If not, why had she turned to him in that quick conspiratorial way and looked dopily into his face? Nessie. For Agnes. But you could not call a lissome blonde Agnes. Agnes was for the comic characters of the world. There was nothing funny about Nessie Winkler or the fact that Bobby had his fingers spread on her thigh under the table.

 

 

"So finally I tapped on the glass— they're all so terrified of getting held up these days— and he slid open the partition, and I told him he'd better take me to Forty-seventh and Fifth
immediately
, and do you know what he said?"

 

 

Lucille came in from the kitchen just then, and stood immediately inside the swinging door, visibly nervous. She was a plain, brown-haired, pudding-faced woman of perhaps twenty-six and Laura suspected this was the first dinner party she'd ever served. Everyone at the table was watching Bobby, waiting to hear the end of his cab-driver story.

 

 

Lucille said, "Ma'am?" and Bobby turned to her immediately and snapped, "Would you
mind
, please?"

 

 

He leaned toward his guests then, and grinned, and in the heavy Brooklyn accent the cabby must have used, delivered the long-awaited zinger to his story.

 

 

"He looked me straight in the eye and said, 'Look, mister, you shoulda
tole
me you was a New Yorker!' "

 

 

He burst out laughing, just as Laura knew he would.

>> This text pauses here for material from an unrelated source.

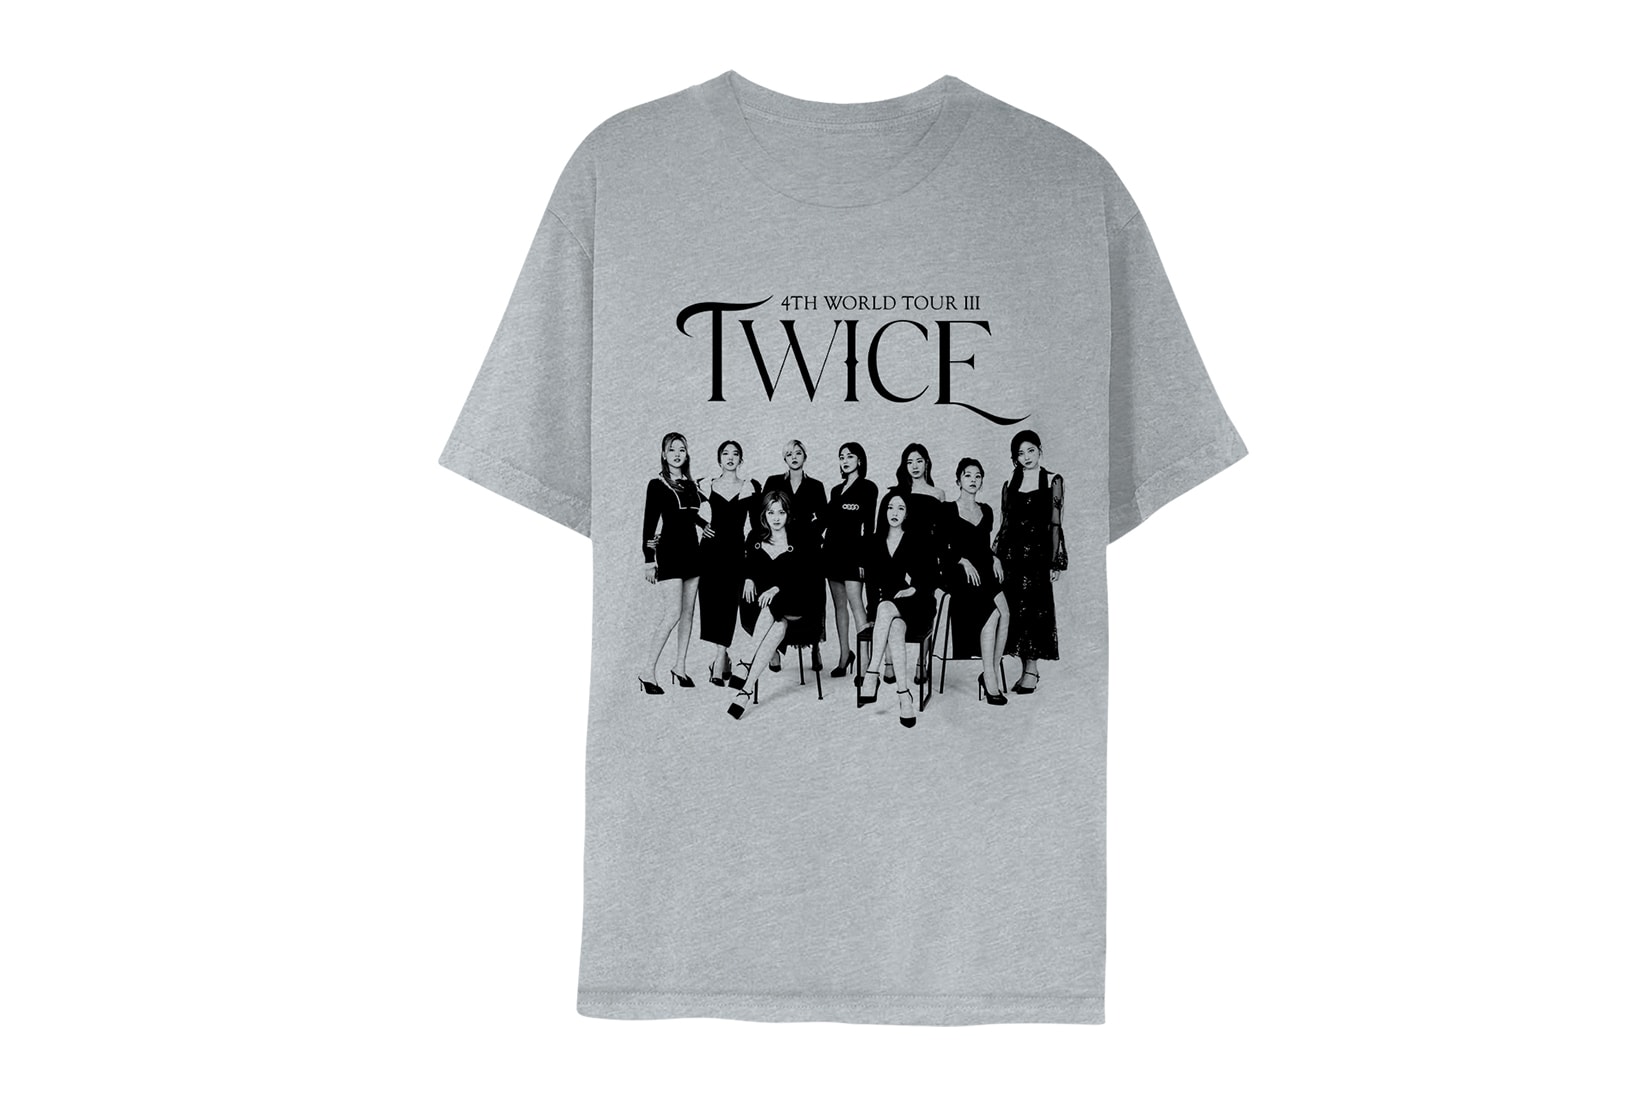 TWICE 4th World Tour Collection Merchandise Outerwear Accessories K-pop T-Shirt Gray

Nessie burst out laughing, an instant later. Laura laughed, too. Politely. Everyone was laughing but Lucille, who was standing just behind Nessie's chair now, looking somewhat bewildered.

 

 

"Yes, Lucille?" Laura said.

 

 

"Ma'am, shall I start clearing?"

 

 

"Please."

 

 

Bobby's hand was still under the table. Laura watched him incredulously. A fork slid off the plate Lucille was lifting from the table, clattering to the floor. She flushed a deep red and immediately knelt beside Nessie's chair to retrieve it. When she rose again, her eyes met Laura's.

 

 

There was knowledge in those eyes.

 

 

She had seen.

 

 

"Delicious," Nessie said, and folded her napkin.

 

 

* * *

At five minutes to twelve, Laura went into the kitchen to pay Mrs. Armstrong and Lucille and to thank them for helping to make the dinner party such a success. Mrs. Armstrong accepted her check and told Laura what a pleasure it always was to work for such a fine lady. Lucille took her check and said nothing. Her eyes avoided Laura's.

 

 

Mrs. Armstrong and Lucille were wearing almost identical black topcoats and carrying black handbags. Mrs. Armstrong was carrying a red umbrella. Lucille had no umbrella, and when Laura asked her if she'd like to borrow one, she replied, "No, thank you, ma'am, I'm only catching a bus on Fifth," which was the longest sentence she'd uttered all night long.